昨晩、北斗をサーキットか空港まで送るつもりでいた明人は、しかし、深夜までかかって舞歌の愚痴を聞く羽目になった。結局北斗も白鳥宅に泊まることになり、その連絡を明人に押し付けたからだ。相手が受話器の向こうであることがせめてもの救いだったが、そのために少し寝不足気味である。それでも眠い目をこすり、慣れない早起きをしてそこに赴いたのだ。
「眠そうだな」
「舞歌さんに聞いたこと、あとで話すよ。一字一句漏らさず、全部。なんなら声色も真似ようか」
「遠慮する」
北斗はそれほど眠くなさそうだった。あれから、酒のせいか妙に饒舌な九十九と宴会になり、彼を酔い潰れさせたあと自分も寝てしまったのだそうだ。伝聞なのは、それより先に明人が電話に向かったからだ。明人は「ふぅ」とひとつ溜め息をついて、だるい身体に鞭を打った。
二人がコースに向かって歩いていると、すぐにそれを見つけて走り寄ってきた子供がいる。金髪に薄い緑色の瞳をした、十歳くらいの少年だった。
「明人、来てくれたんだ」
「やあ、ユカ、また来たよ」
ユカと呼ばれた少年は、明人に飛びついて喜んだ。ジュニアカートとは言え時速100キロもの速度が出るそれを操るのは、まだ子供である。
「今度はいつまでいられるの? 僕、毎日来るよ」
「うーん、水曜には上海に入らないといけないから、月曜日まで」
「短いなあ」
「ごめんな、冬になる前にまた来るから」
明人が頭を撫でながら言うと、ユカは「約束だよ」と念を押して、準備のためにコースへと戻って行った。

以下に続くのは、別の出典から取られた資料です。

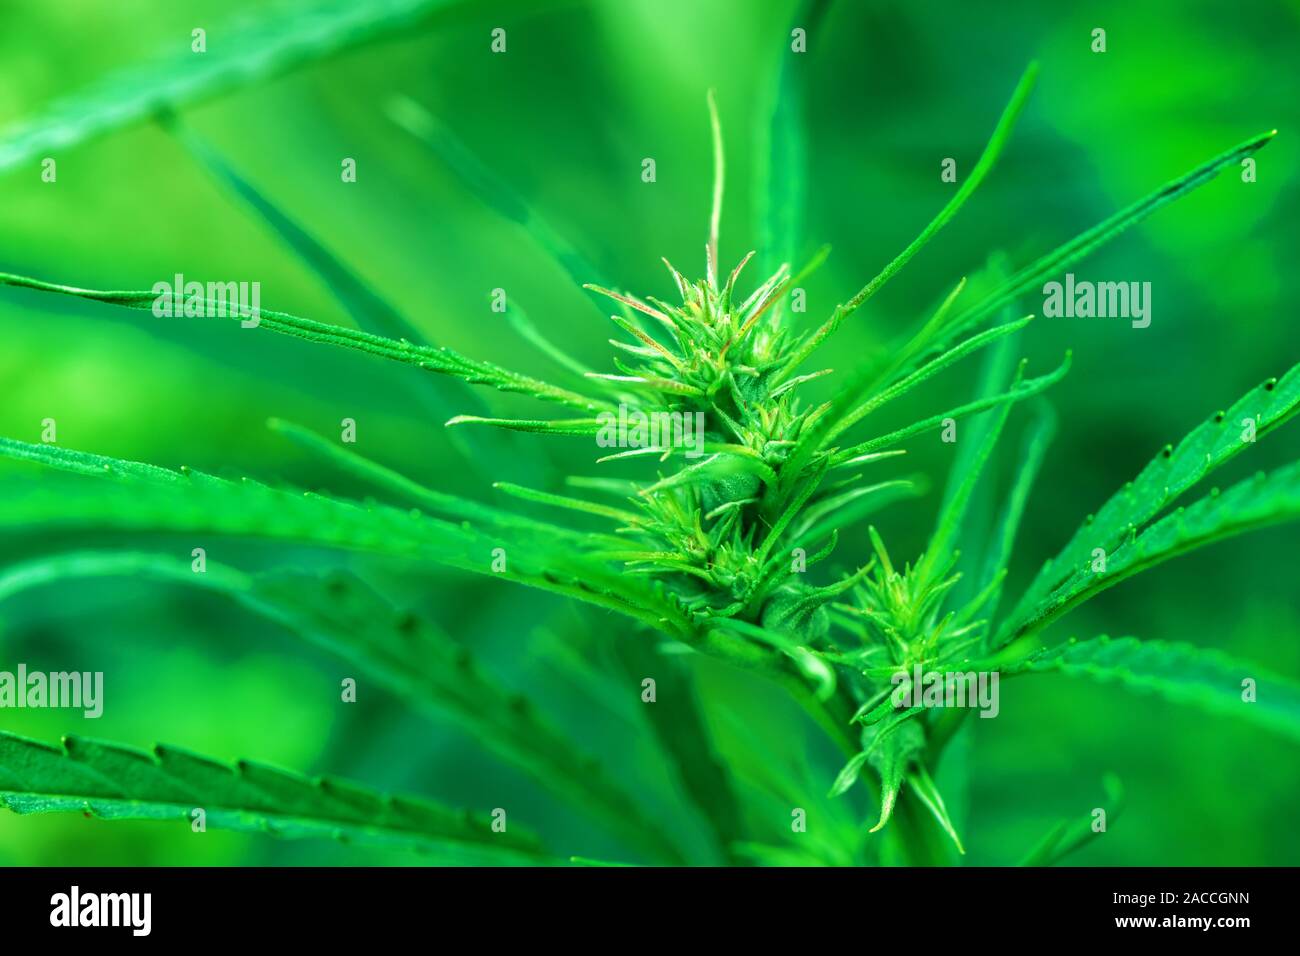 Le chanvre industriel macro tête cultivée, Cannabis sativa espèces végétales cultivées pour l'utilisation de ses produits dérivés Banque D'Images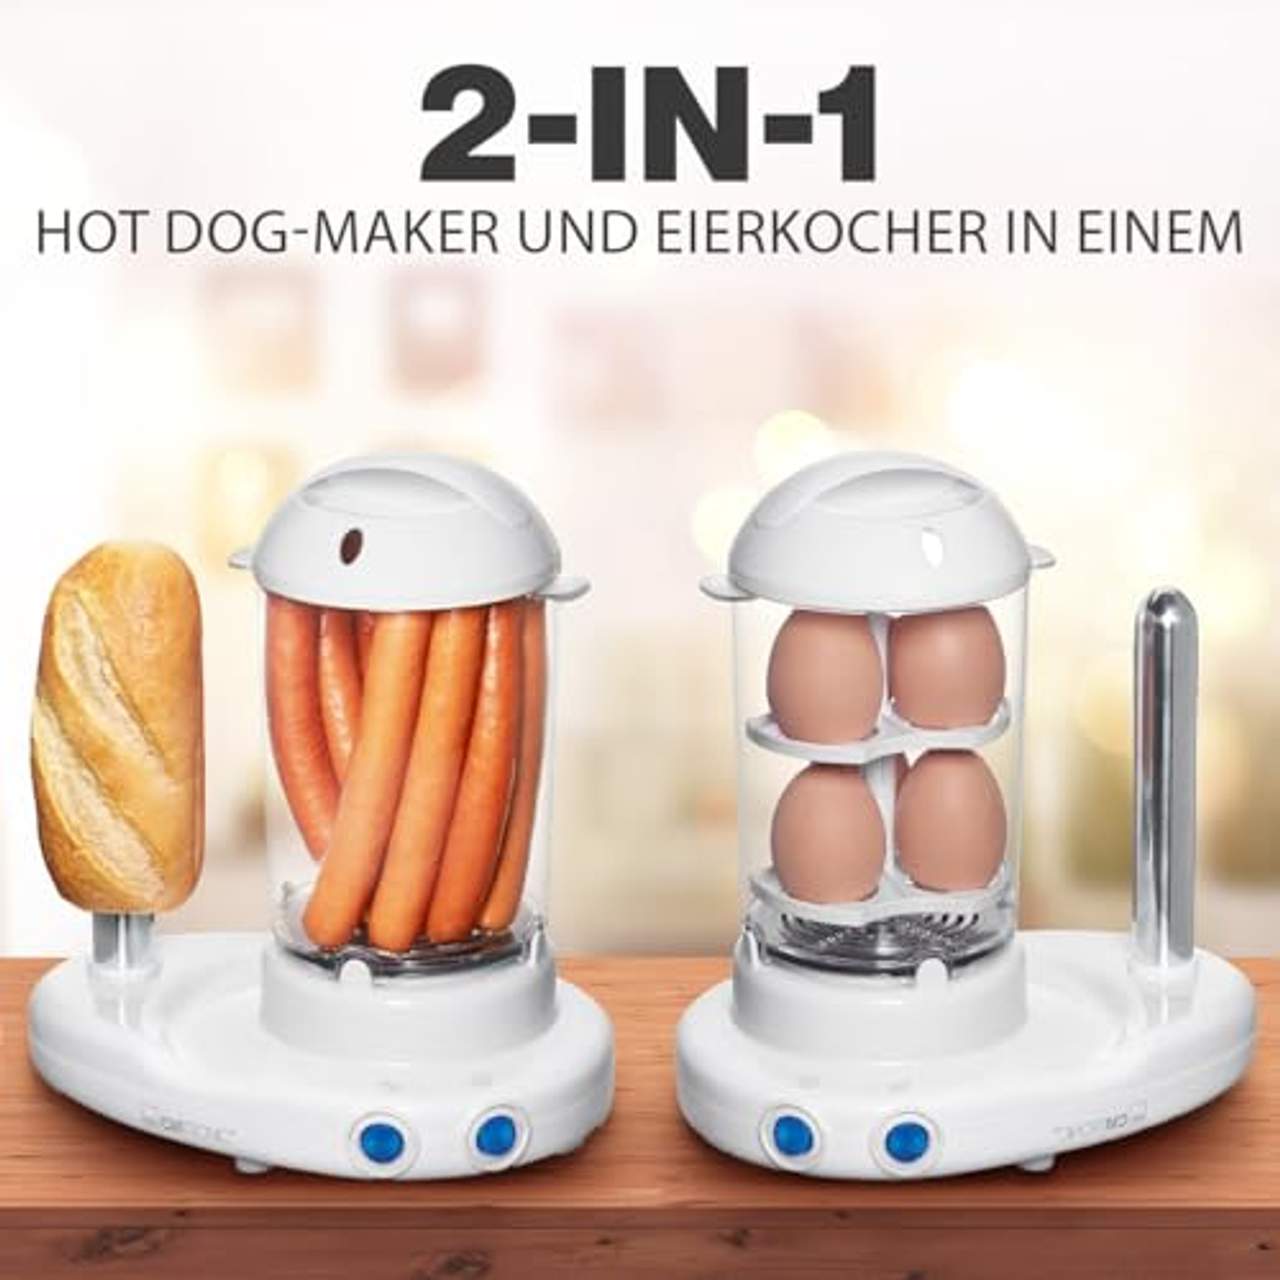 Clatronic HDM 3420 Hot-Dog-Maker inklusiv Eierkocher

入れ替わりにコース脇の小屋から出てきたのは、はやくもレーシングスーツに着替えたミナトである。髪を後ろに丸く束ねてかぶったキャップには、『教官』の文字が刺繍されていた。
「はい、これ」
彼女は手にした二つの袋を、明人と北斗にそれぞれ手渡した。明人はそれを何も言わずに受け取るが、北斗はもちろんその意味がわからず、怪訝そうな顔で明人を見る。しかし押し付けられた袋の中を覗き込んで、彼女はその表情を面倒くさそうにゆがめた。
「……俺もやるのか?」
「何もしてなくちゃ、暇だろ」
いやそうな北斗に、明人は彼女がいつもするようにさらりと言って、更衣室に向かった。
FAドライバーは、現在のところそのほとんどがカート出身者である。免許証のいらない小型のカートは、しかし相当の速度も出るうえに操作がフォーミュラ・マシンに似ているので、子供の頃から英才教育を施すにはちょうどいいのだ。明人や北斗も、物心がつく前からカートのハンドルを握っていた。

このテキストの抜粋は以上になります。